What is expected:
An exact copy of every line from the one holding "Diverses formes d'animaux" to the end of the entries below is required; leave the pictures out.

Provided records:

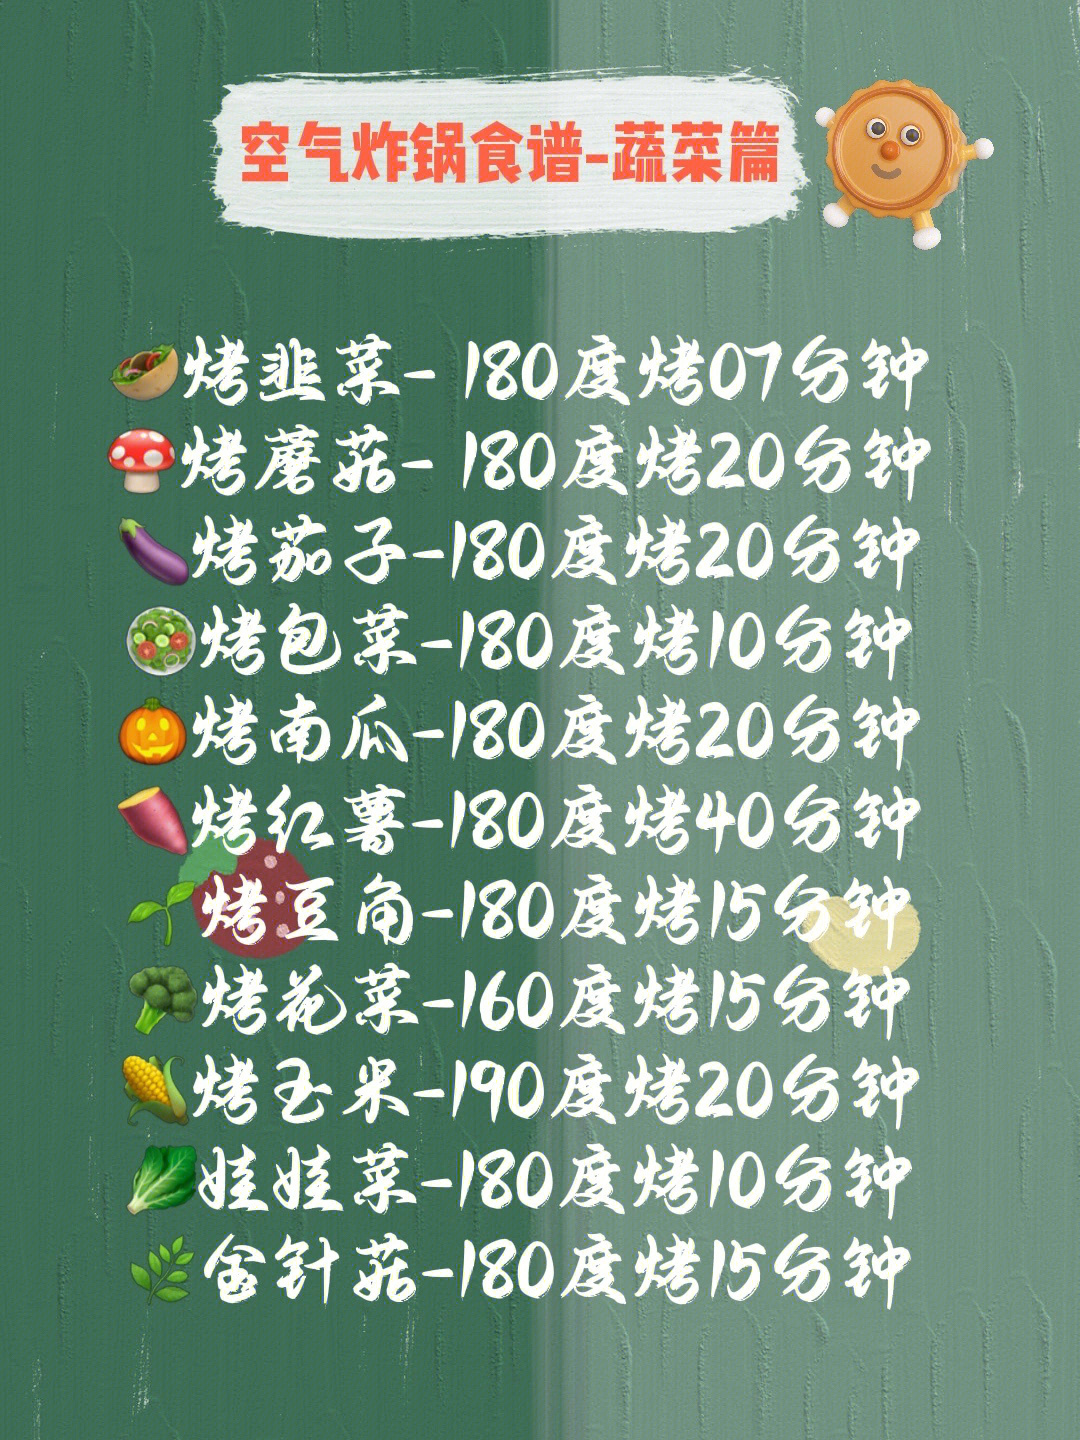 九阳空气炸锅机食谱图片
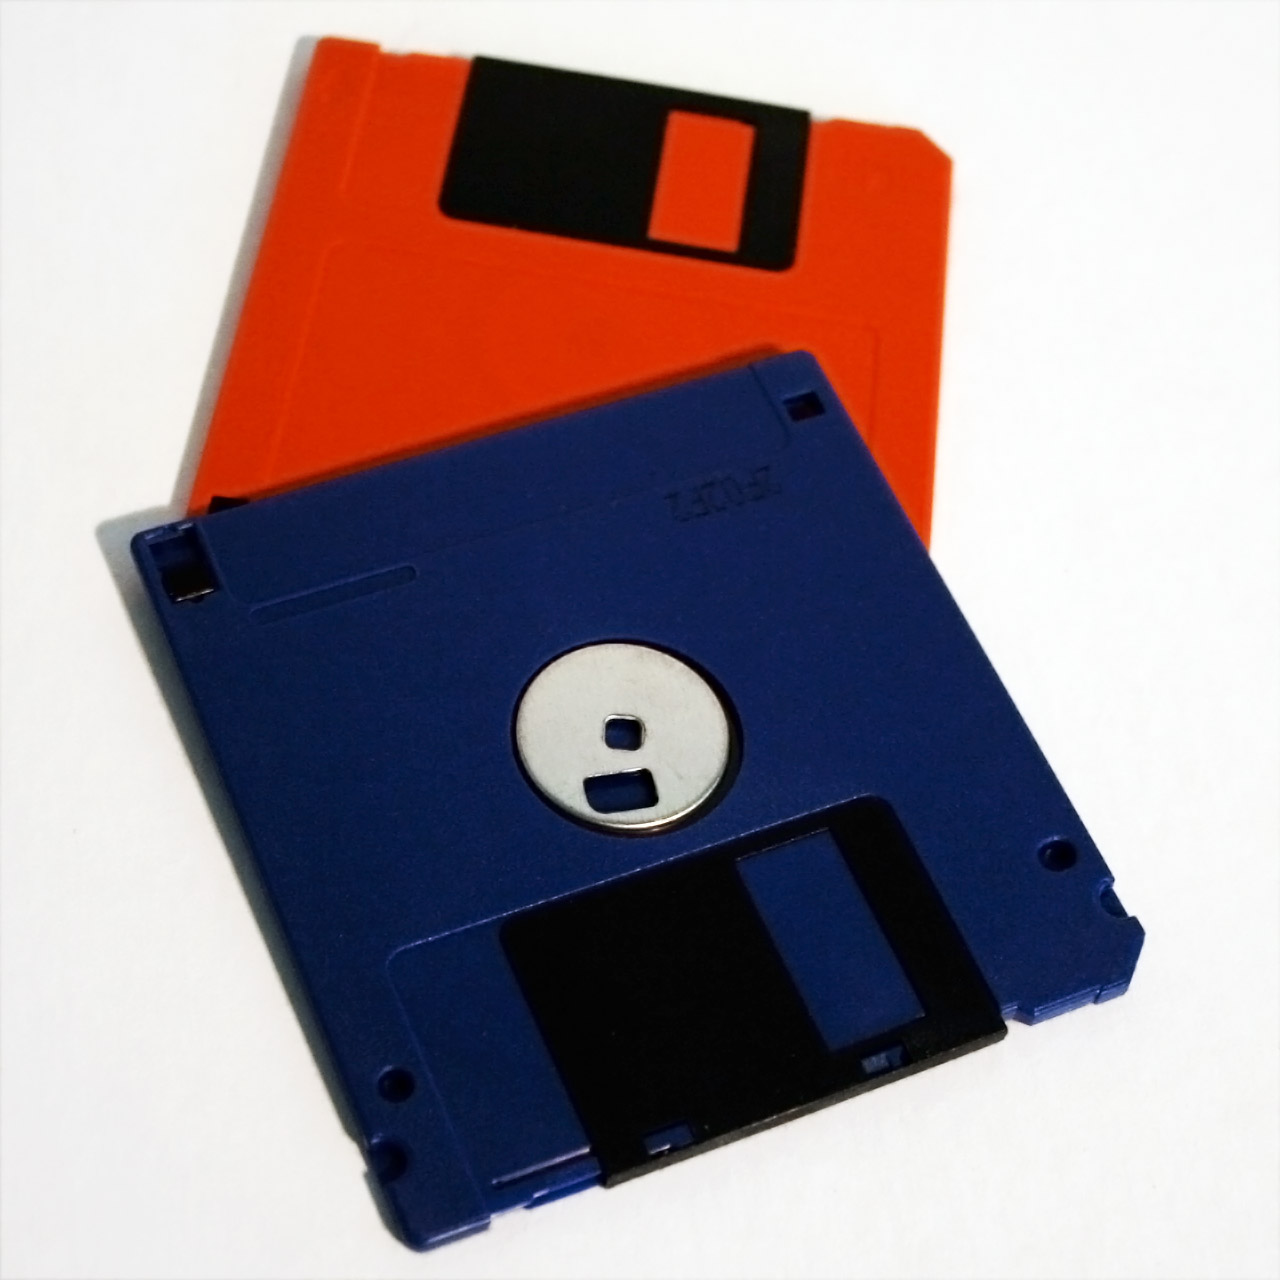 Floppy Disk Image File
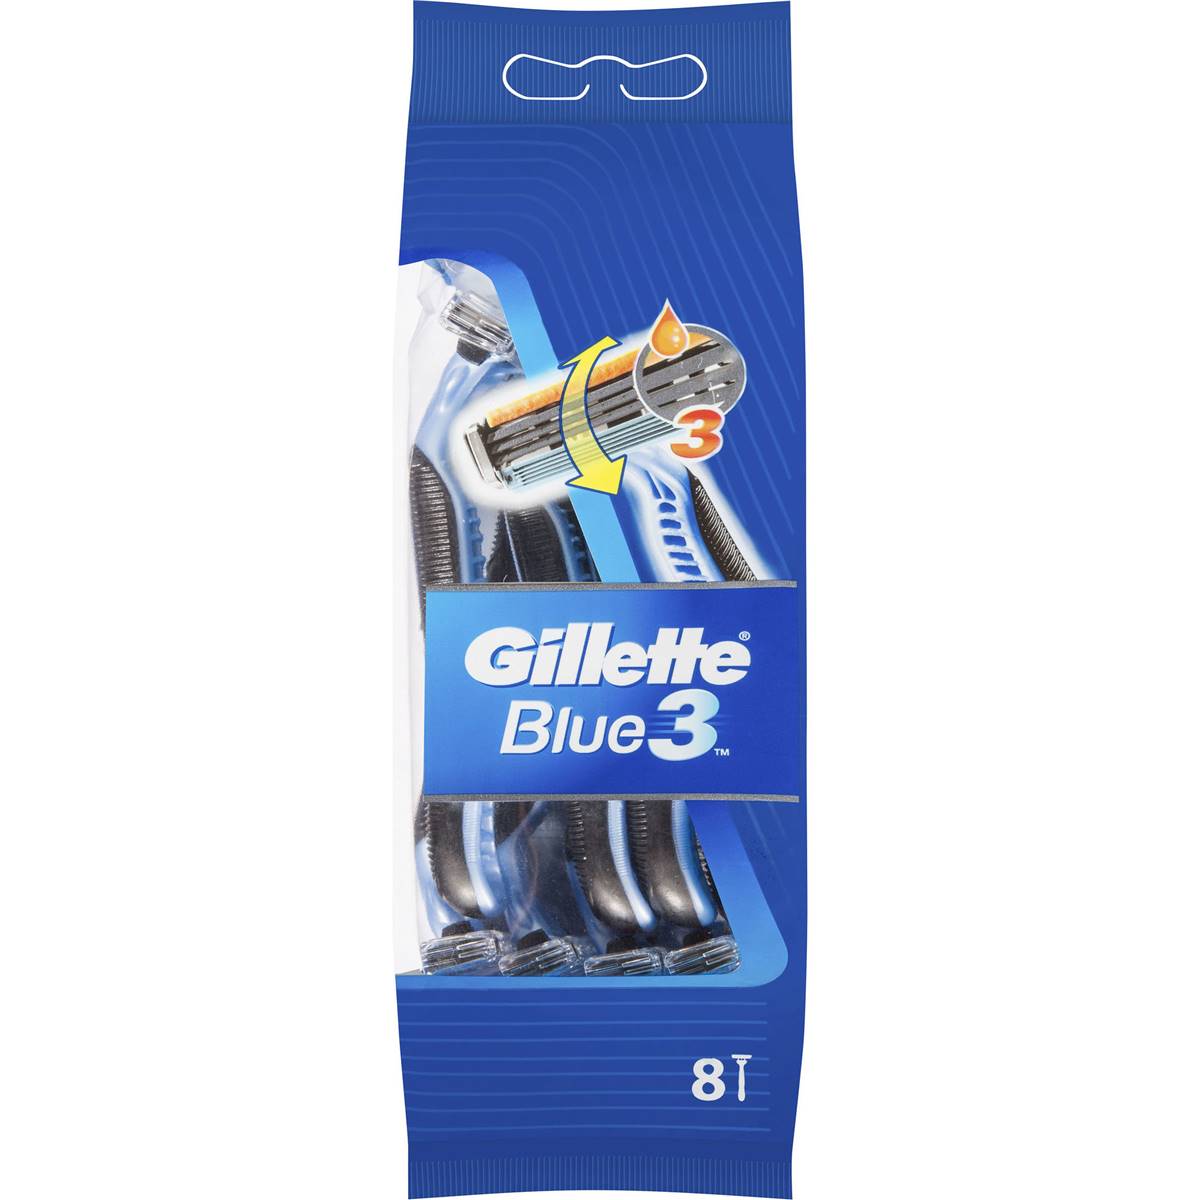 Gillette Blue 3 Disposable Shaving Razor 
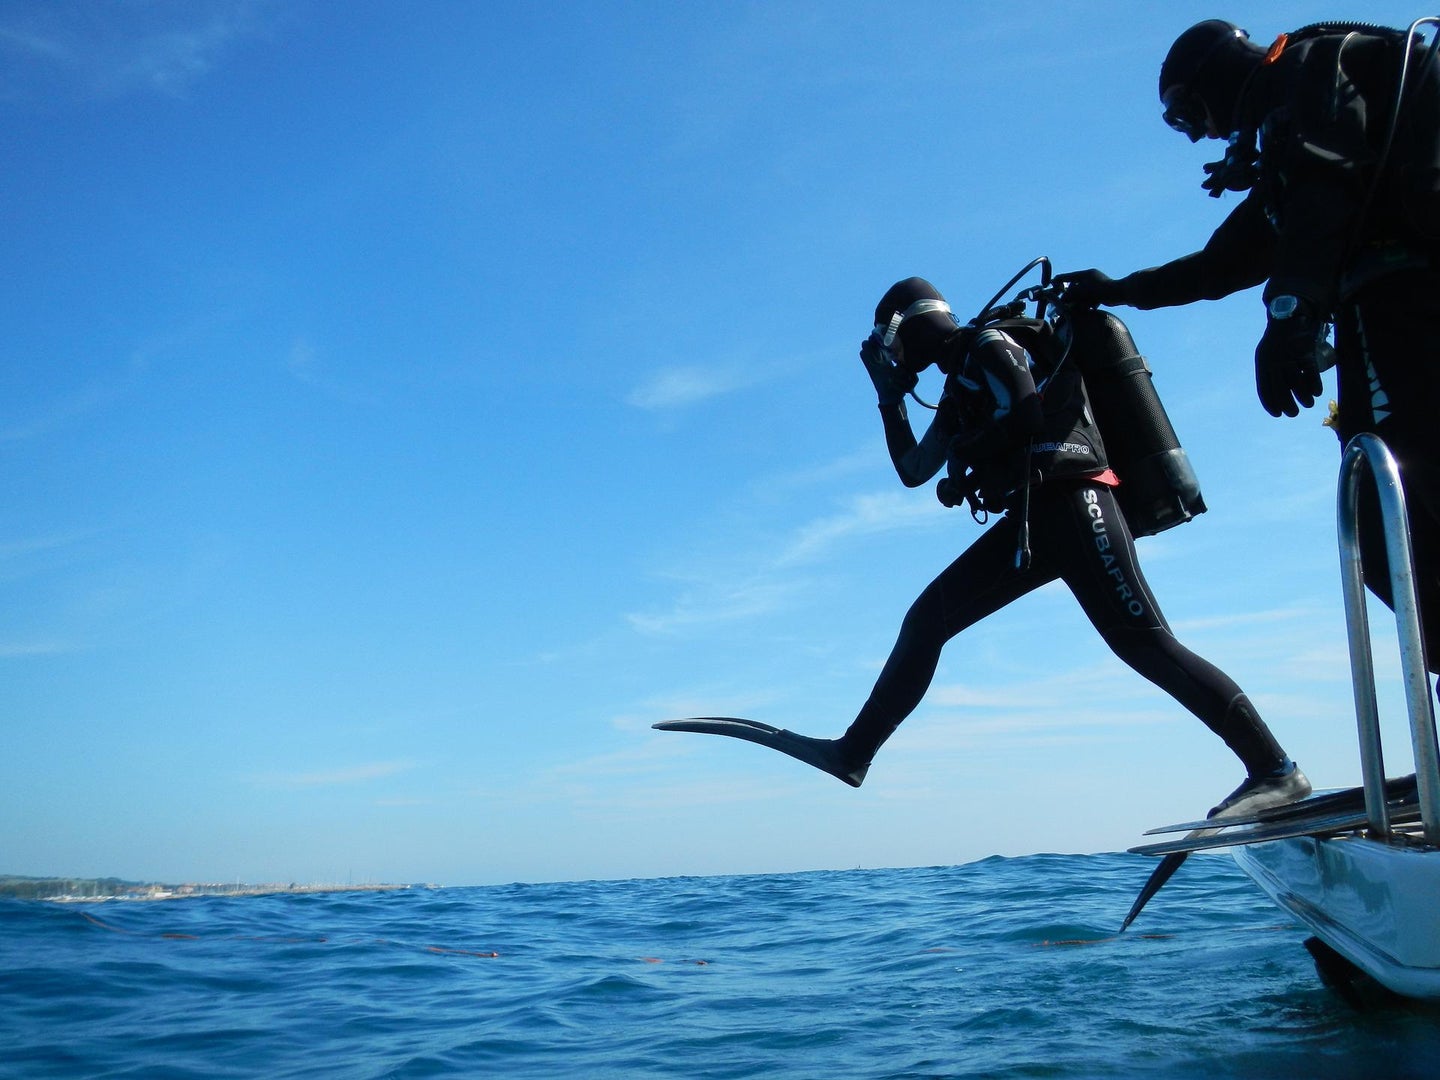 A scuba diver takes a step into the ocean.
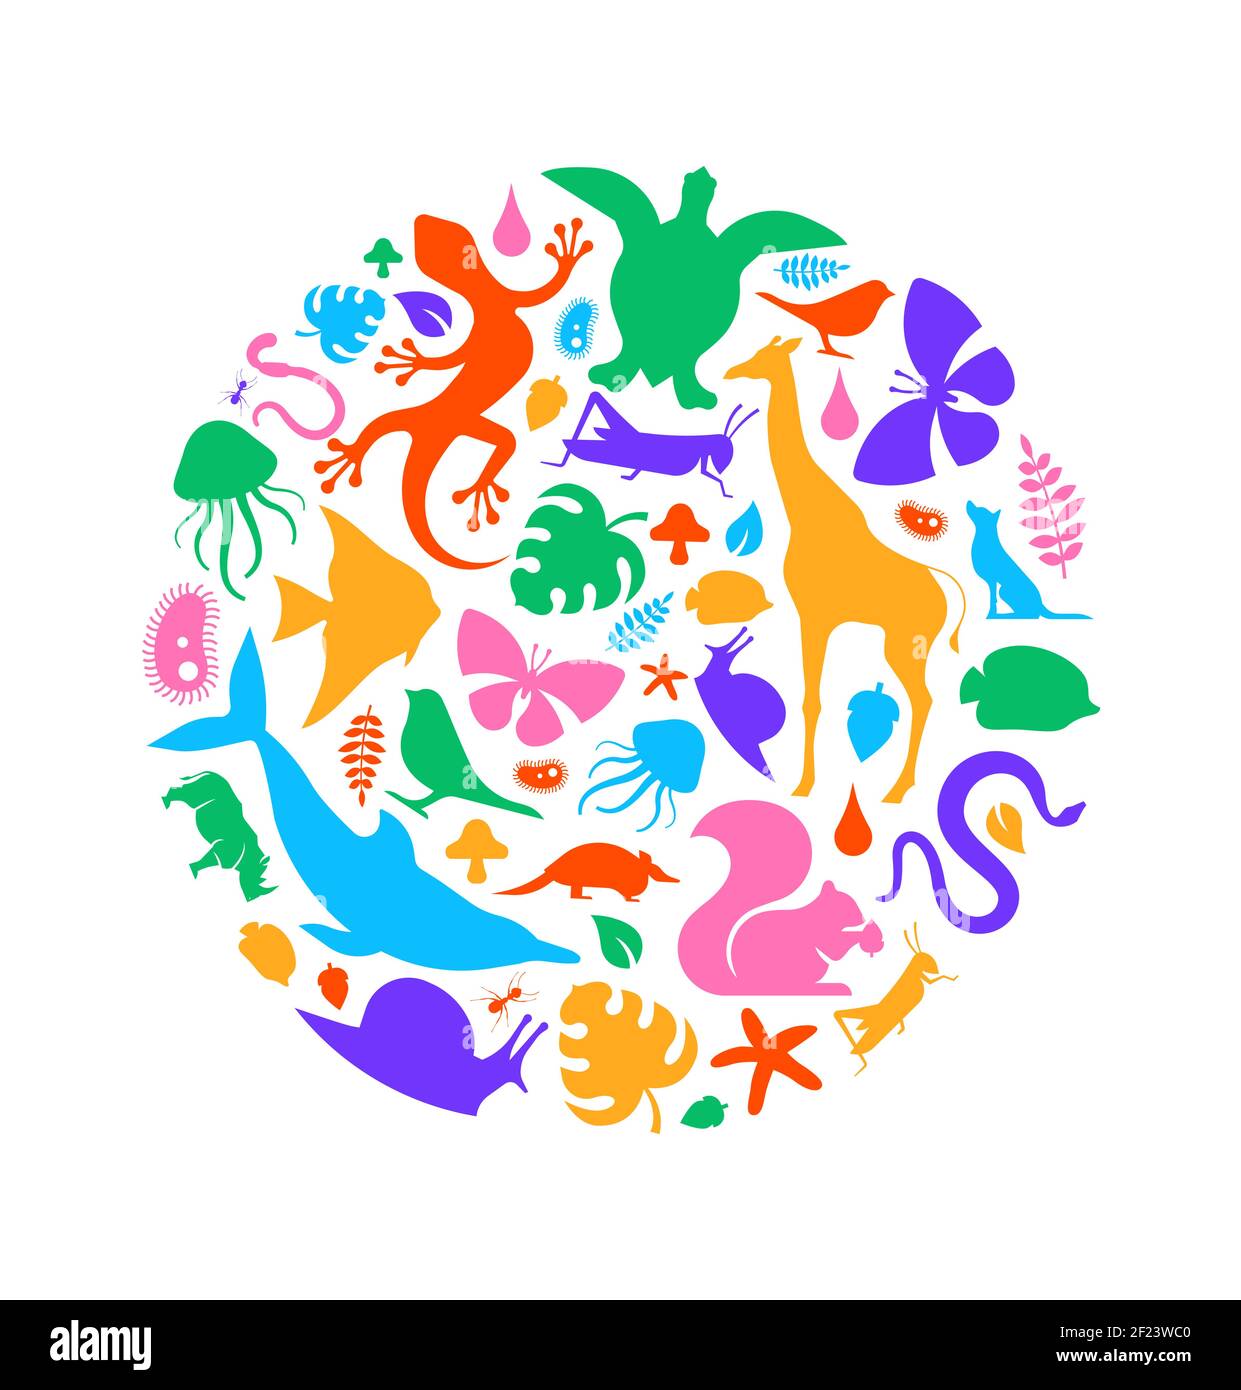 Diverses formes d'animaux faisant un cadre de cercle sur un arrière-plan blanc isolé. Silhouettes pour animaux colorés, illustration ronde pour bioplongeur de la vie sauvage Illustration de Vecteur
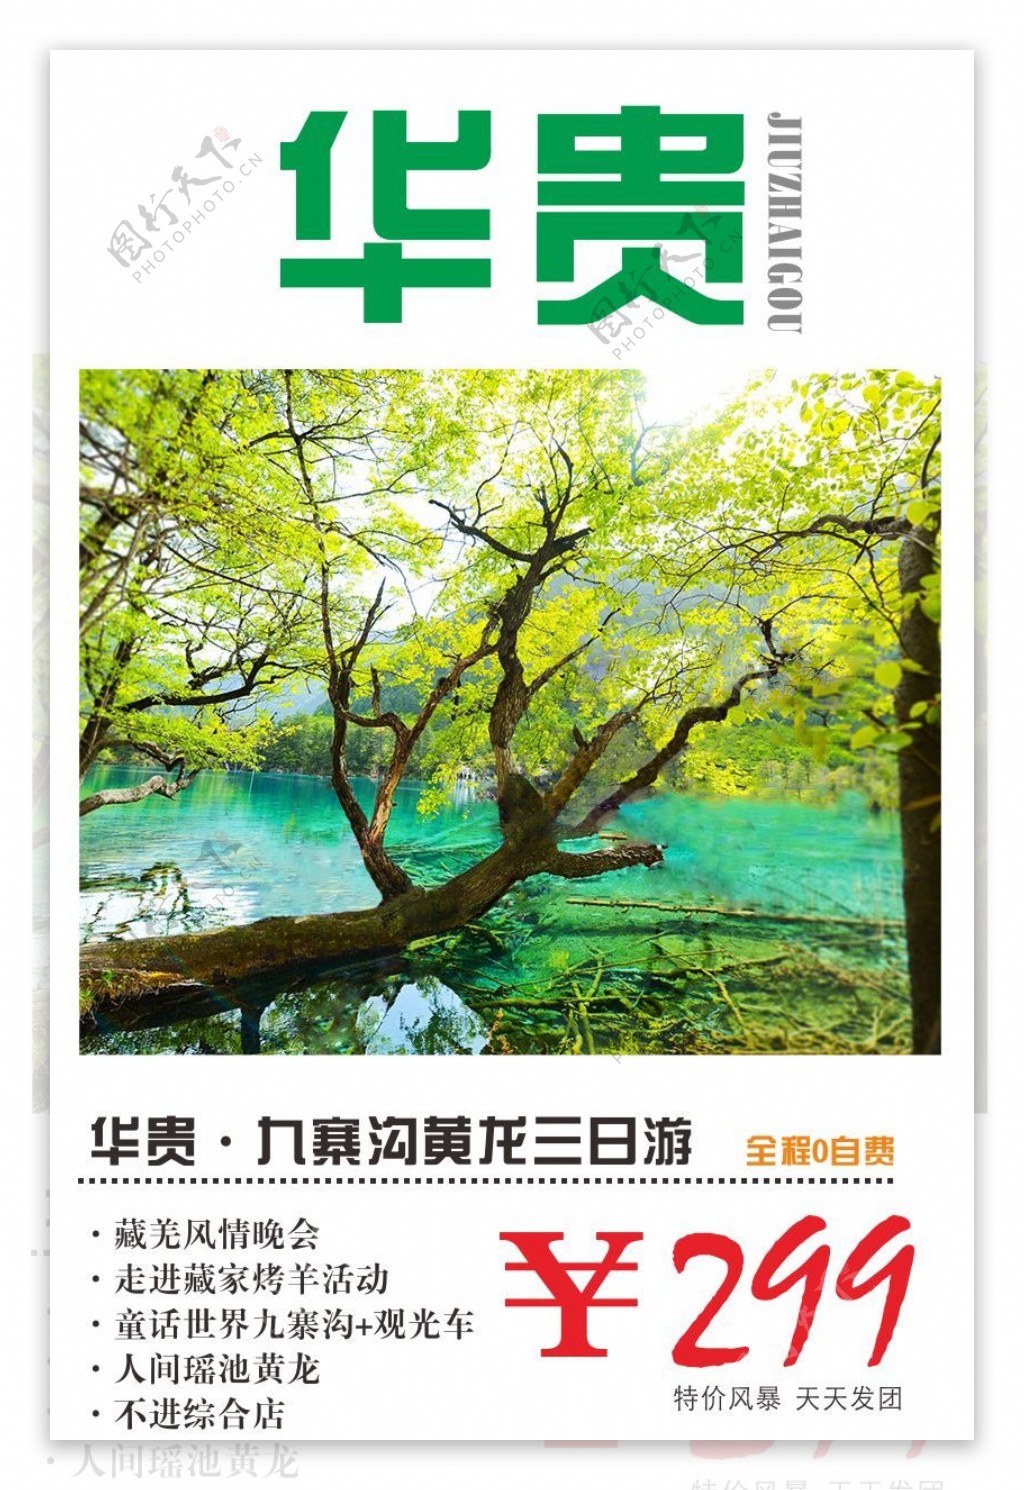 九寨沟旅游宣传海报原创设计高清CDR

Answer:
 Diverses formes d'animaux faisant un cadre de cercle sur un arrière-plan blanc isolé. Silhouettes pour animaux colorés, illustration ronde pour bioplongeur de la vie sauvage Illustration de Vecteur
 九寨沟旅游宣传海报原创设计高清CDR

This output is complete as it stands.